Sì, ma a condizione di conservare un forte senso di responsabilità, continuando ad abbracciare in particolare l’intera catena di valore, fra produttori, ospitalità, vendita al dettaglio, altri attori del commercio. In termini di sostenibilità sociale, il turismo enogastronomico può corroborare lo sviluppo locale e il senso di comunità, incoraggiando i viaggiatori a visitare aree non urbane e creando un canale nuovo di introiti per i produttori locali. Inoltre, può emancipare donne e giovani, schiudendo nuove opportunità di lavoro, promuovendo ruoli guida in progetti locali, oppure offrendo formazioni per accrescere le competenze. Il turismo enogastronomico rafforza le economie locali sostenendo l’imprenditoria, creando connessioni dirette fra produttori e consumatori, potenziando la resilienza in caso di avversità. Inoltre, svolge un ruolo vitale preservando la cultura, anche attraverso ricette tradizionali trasmesse così in modo più sicuro fra le generazioni. È pure un fattore d’integrazione, attraverso il mutuo rispetto fra turisti e locali, favorendo inoltre gli scambi d’esperienze. In generale, poi, favorisce pure un consumo più sostenibile, contribuendo a ridurre l’impatto ambientale e gli sprechi. In tal modo, può incoraggiare spesso anche la difesa di colture e vitigni autoctoni, o di tecniche artigianali ancestrali, anche di vinificazione e di organizzazione delle vigne. Per non parlare della legittima fierezza che tutto ciò può generare nella popolazione.

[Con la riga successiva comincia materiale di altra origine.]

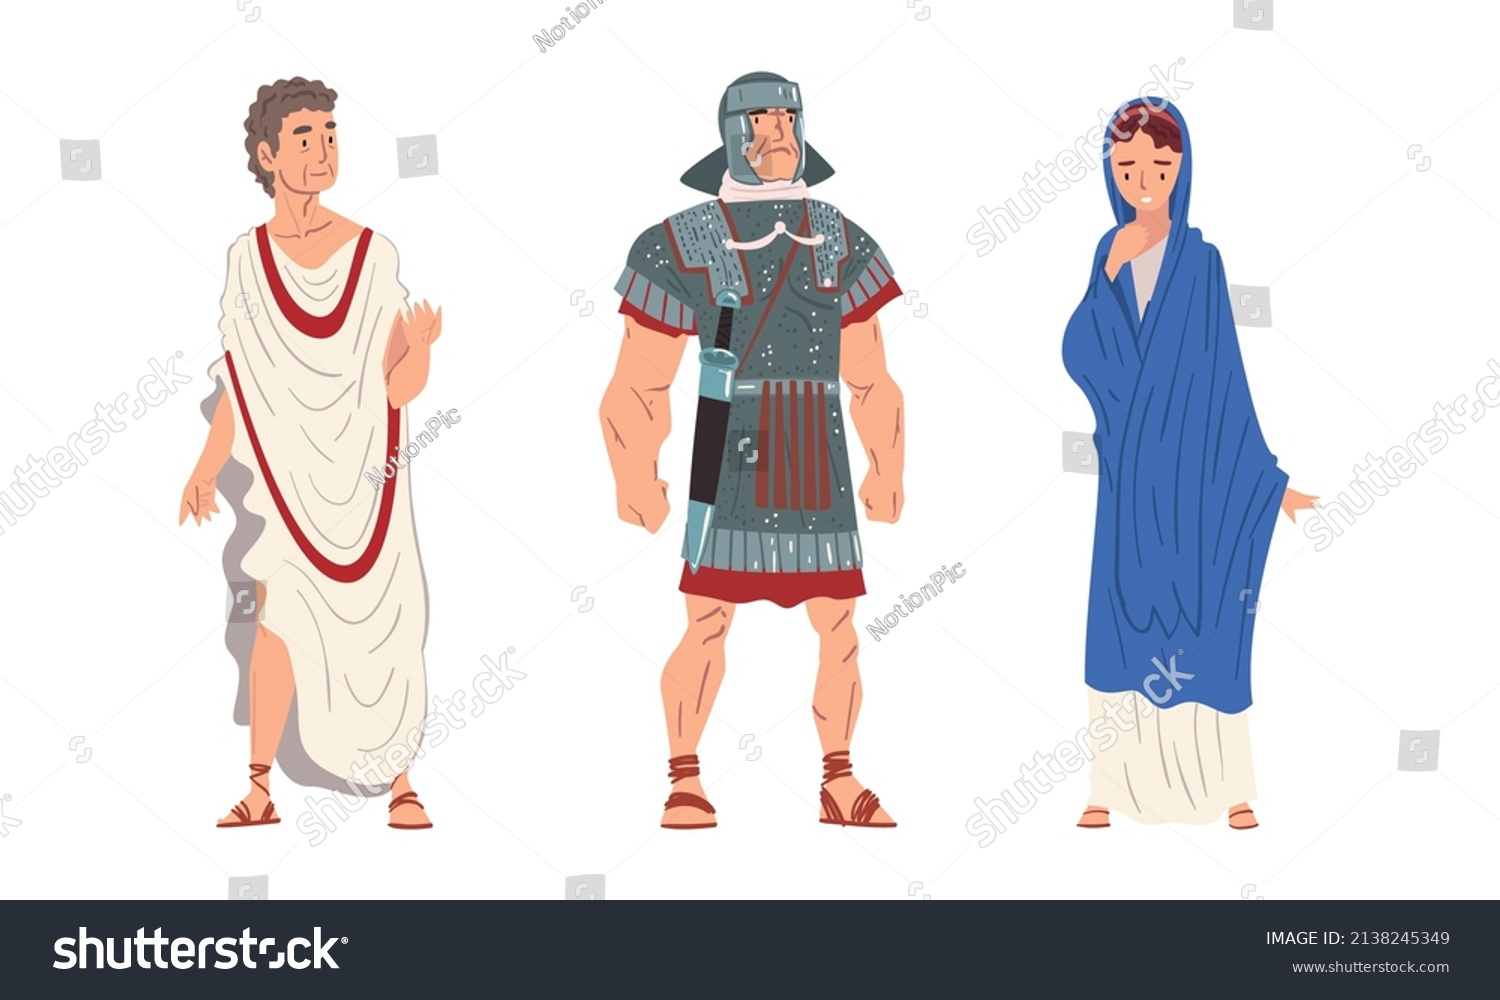 66 Woman gladiator fights male gladiators Images, Stock Photos ...

Ma intanto, solo per fare un esempio, un Paese come la Francia ha superato i 100 milioni di visitatori all’anno. L’espansione turistica di fondo può conciliarsi con la sostenibilità?
In molte destinazioni europee, si tornano a superare i livelli pre-pandemia. Questa forte ripresa riflette sia l’adattabilità del settore, sia l’appetito mondiale crescente per i viaggi. In molte destinazioni, dappertutto nel mondo, ciò ha avuto un impatto molto positivo, anche per via di un’accresciuta spesa media dei visitatori, secondo gli ultimi dati. Una volta ancora, il turismo ha mostrato di essere un motore per la ripresa socio-economica e un volano d’occupazione, nelle destinazioni classiche come in quelle emergenti. Ma è vero che uno sviluppo equilibrato del settore dipenderà da nuovi sforzi per ridurre l’impatto ambientale. Il turismo ha il potenziale per far decollare le comunità locali, assicurando in particolare una più equa distribuzione dei redditi. In questo, potranno aiutare ancor più dei modelli basati su un’offerta attorno ad esperienze autentiche e al benessere. In generale, creare dei prodotti turistici legati alla natura, alle aree rurali, alla gastronomia, al benessere aiuterà ad approdare a una maggiore diversificazione e, in molti casi, alla sostenibilità.